The target.requires_podman = true declaration means this component expects a Podman runtime. The security block explicitly declares what I/O capabilities the recipes require. A K9 runtime can enforce these declarations as a sandbox policy.
---
Key Observations
1. Kennel files are always safe. You can accept them from untrusted sources, pipe them through CI, and display them to users without risk.

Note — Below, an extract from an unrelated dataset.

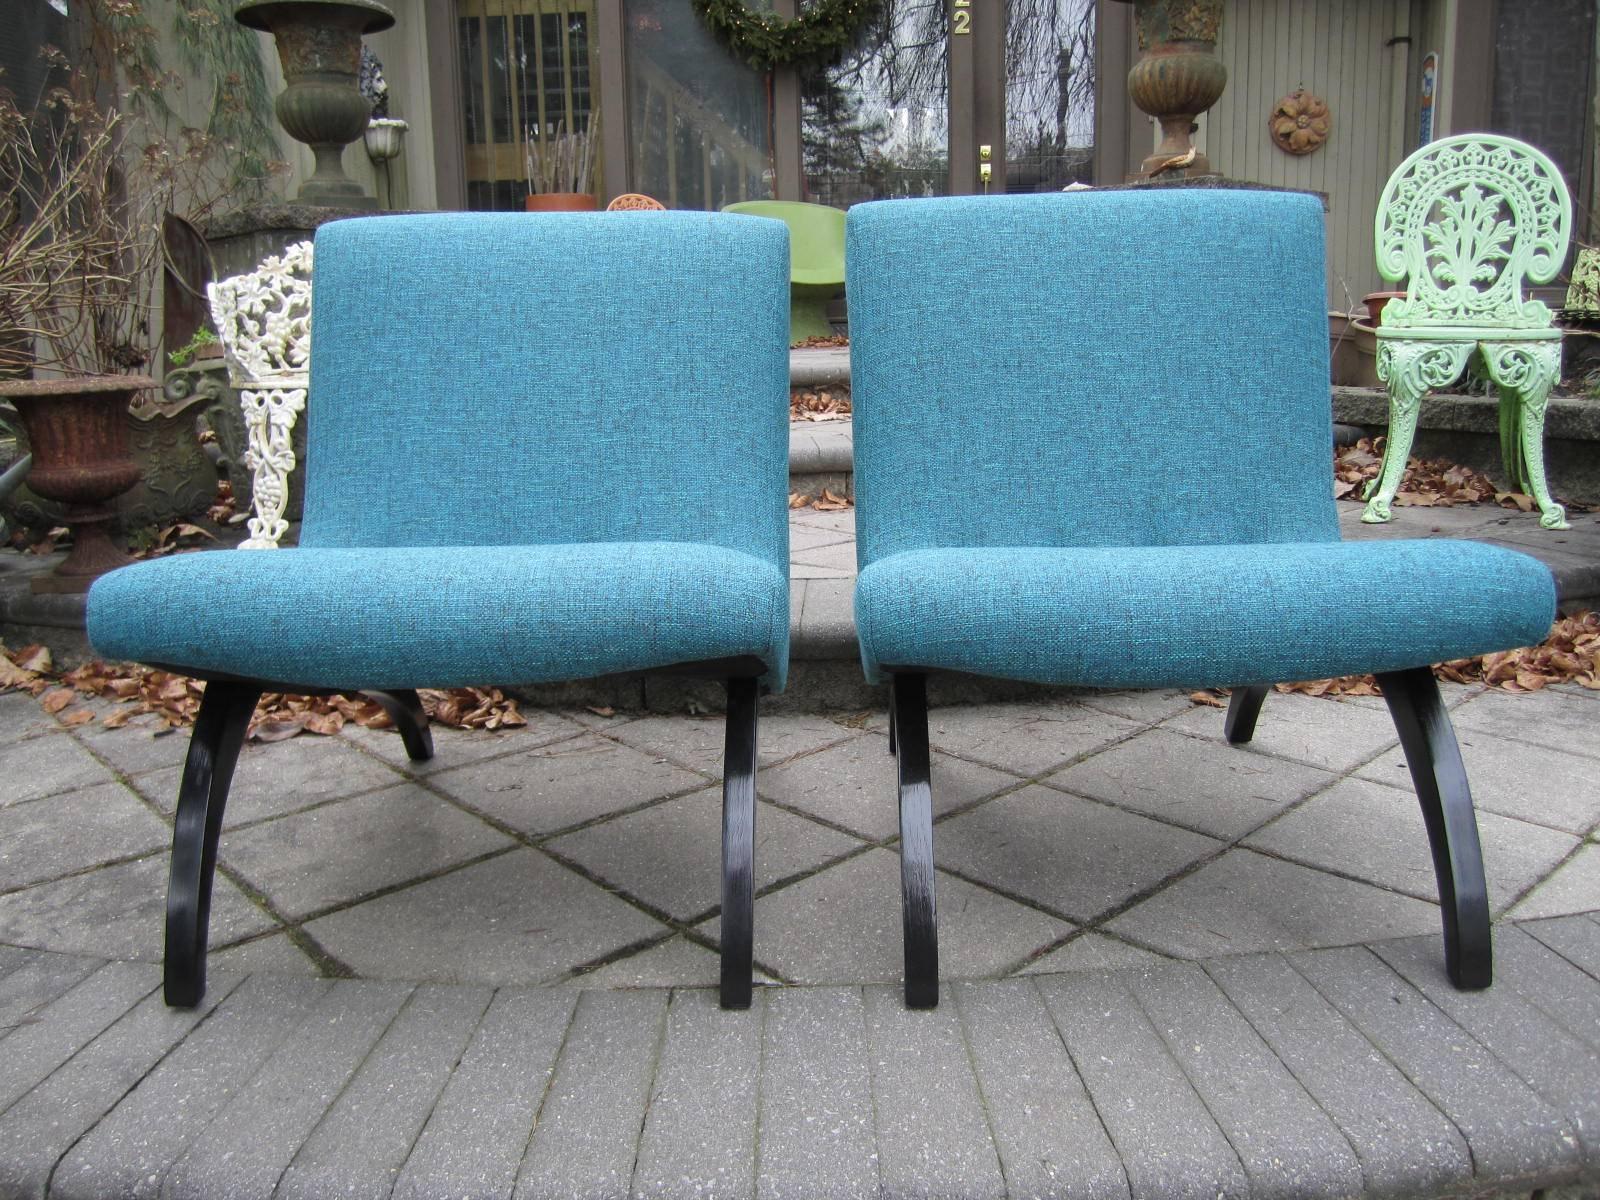 Paire de chaises à godets dans le style de Milo Baughman. Les pieds ont été nouvellement laqués en noir et les sièges nouvellement tapissés dans un magnifique tissu turquoise appelé Pool.

2. Yard files are safe but powerful. They compute values and enforce contracts, but they cannot reach outside the Nickel evaluator's sandbox.
3. Hunt files are powerful but accountable. Every execution is traceable to a signed author, a specific version, and a validated contract.
4. The pedigree is always present. At every level, you know the component's name, version, and capabilities before you process it.